- Education: Fairfield University (1987), University of California, Los Angeles (1989), Indiana University School of Medicine (1994)
- Occupation: Geneticist
- Employer: Indiana University School of Medicine

= Tatiana Foroud =

Genetic researcher

Tatiana Foroud is a genetic researcher and currently the Joe C. Christian Professor Medical and Molecular Genetics, August M. Watanabe Professor for Medical Research, Distinguished Professor and Chancellor's Professor at the Indiana University School of Medicine.

==Early life and education==
Foroud was raised in Fairfield, Connecticut and graduated from Fairfield Warde High School in 1983.

Foroud received her bachelor's degree in biology and mathematics from Fairfield University in 1987, master's degree in biomathematics from the University of California, Los Angeles in 1989, and doctoral degree in population genetics from the Indiana University School of Medicine in 1994.

==Research and career==
Foroud joined the Indiana University School of Medicine faculty in 1994 and was named the P. Michael Conneally Professor of Medical and Molecular Genetics in 2005. Indiana University appointed Foroud to the rank of Distinguished Professor, the highest academic rank at the university in 2017.

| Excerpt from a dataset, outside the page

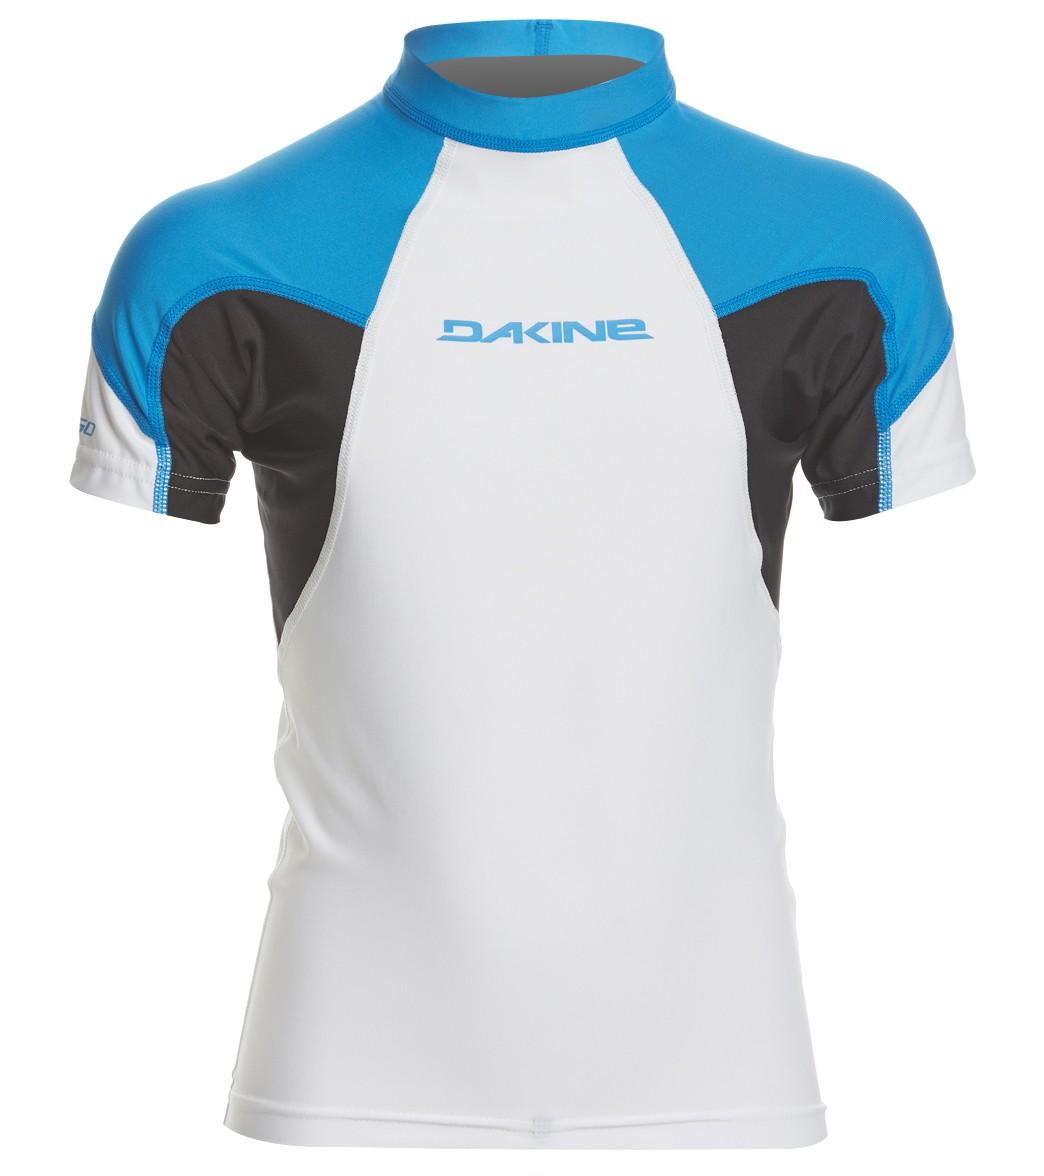 e2aaeb5bb5 Dakine Boys' Heavy Duty Snug Fit Short Sleeve Rashguard at SwimOutlet.com

Foroud is director of Hereditary Genomics Division of the Department of Medical and Molecular Genetics, and leads the Genetics, Biomarker and Bioinformatics department at the Indiana Alzheimer Disease Center. She is scientific director of the Indiana Biobank.

Foroud's research is primarily in the area of mapping genes contributing to the susceptibility for common, complex genetic disorders. These include disorders such as Parkinson's disease, Alzheimer's disease, bipolar disorder and alcoholism.